On 3 May 1765 Clive landed at Calcutta to learn that Mir Jafar had died, leaving him personally £70,000. Clive left India for the last time in Feb 1767. In 1768, he lived for a time at the Chateau de Larzac in Pézenas in the Hérault département of the Languedoc-Roussillon region in southern France. Later in 1768, Clive was made a Fellow of the Royal Society (FRS) and in the same year served as treasurer of the Salop Infirmary in Shrewsbury.  In 1772 Parliament opened an inquiry into the Company's practices in India. Clive's political opponents turned these hearings into attacks on Clive. Questioned about some of the large sums of money he had received while in India, Clive pointed out that they were not contrary to accepted company practice, and defended his behaviour by stating "I stand astonished at my own moderation" given opportunities for greater gain. The hearings highlighted the need for reform of the Company, and a vote to censure Clive for his actions failed.

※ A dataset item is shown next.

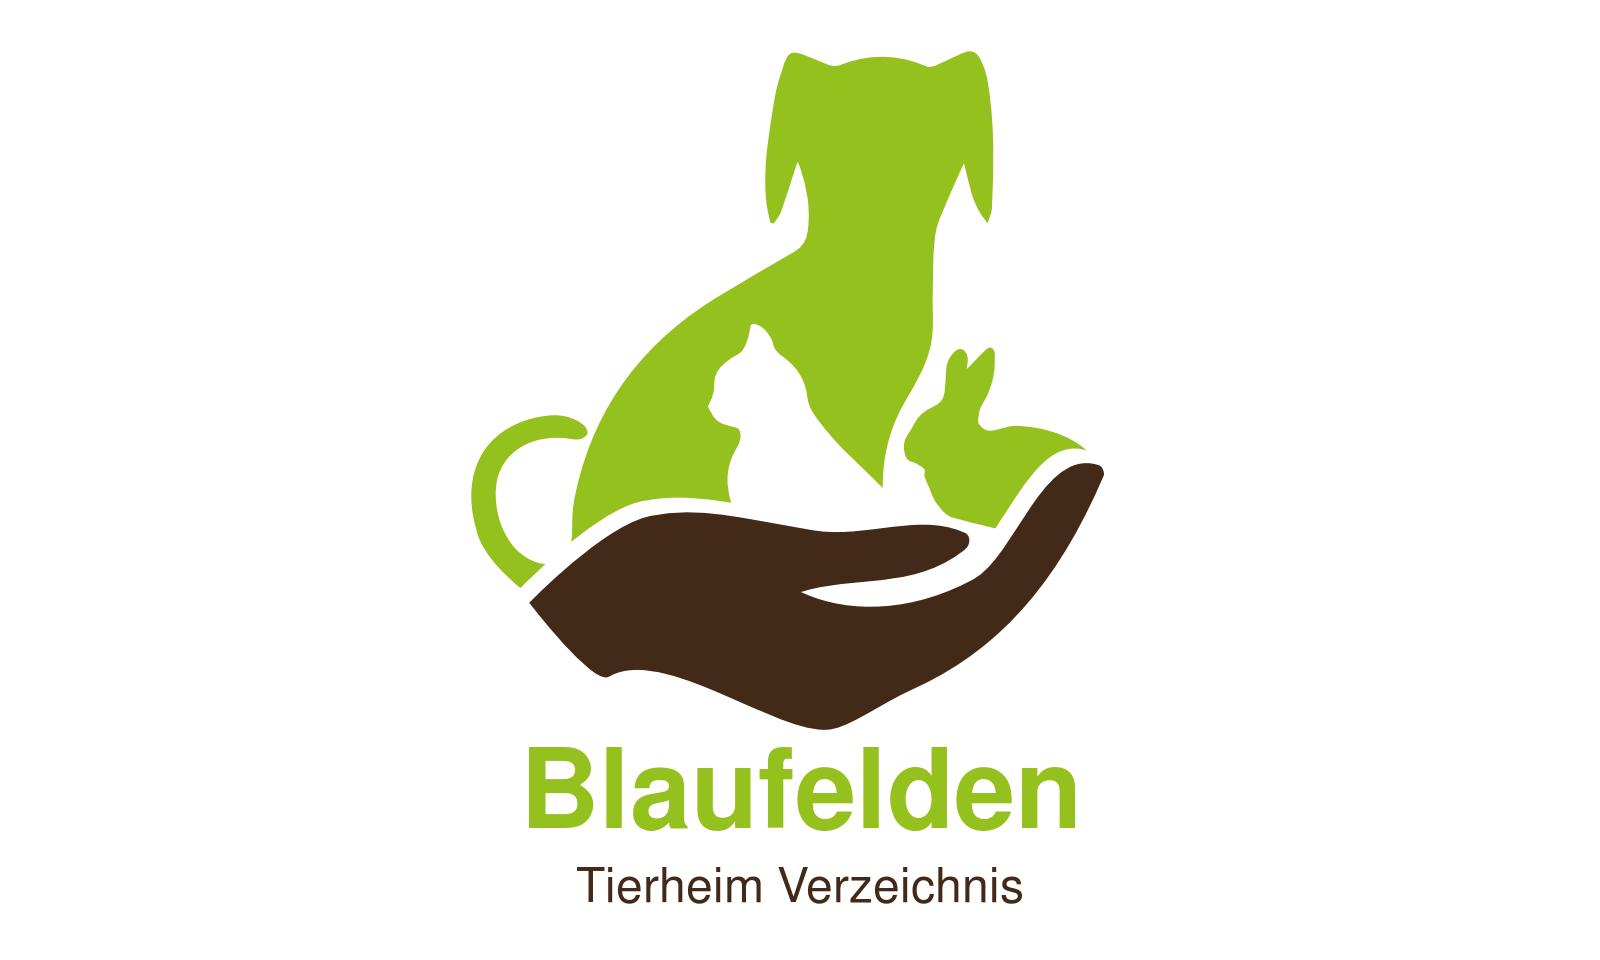 Tierheim Blaufelden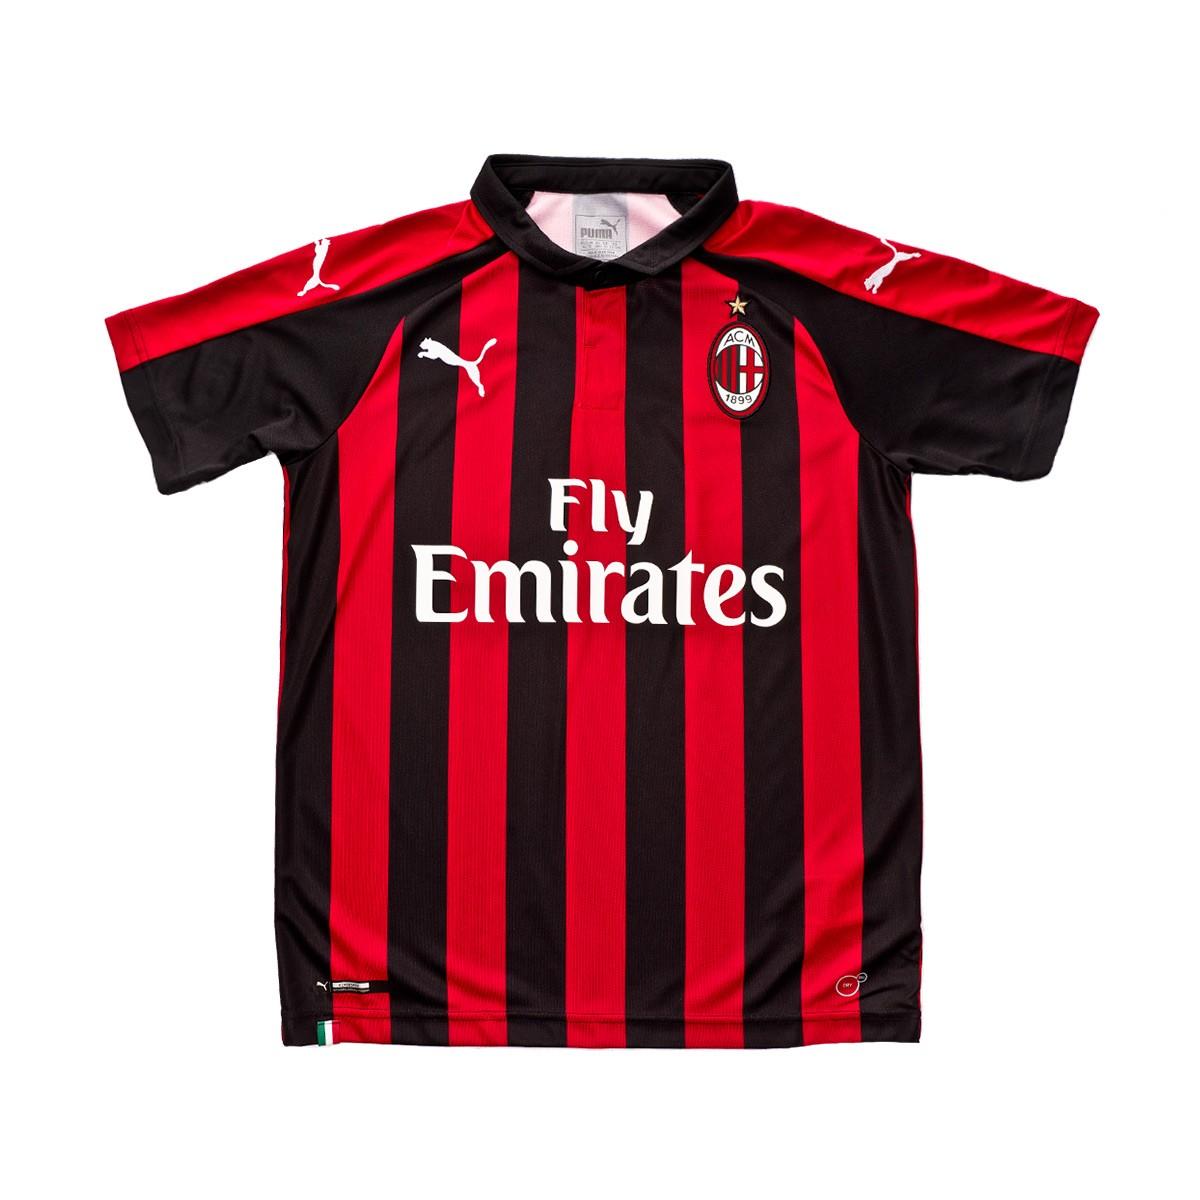 online store b3b2c 1bac0 Camiseta AC Milan Primera Equipación 2018-2019 Niño Chili pepper-Puma black

There was a great famine in Bengal between 1769 and 1773, which reduced the population of Bengal by a third. It was argued that the activities and aggrandizement of company officials was to blame for the famine, particularly the abuse of monopoly rights on trade and land tax used for the personal benefit of company officials.  These revelations and the subsequent debates in parliament reduced Clive's political fortunes considerably.

On 22 Nov 1774 Clive died, aged forty-nine, at his Berkeley Square home in London. There was no inquest on his death and it was variously alleged he had stabbed himself or cut his throat with a penknife or had taken an overdose of opium, while a few newspapers reported his death as due to an apoplectic fit or stroke. While Clive left no suicide note, Samuel Johnson wrote that he "had acquired his fortune by such crimes that his consciousness of them impelled him to cut his own throat".   Clive was awarded an Irish peerage in 1762, being created Baron Clive of Plassey. 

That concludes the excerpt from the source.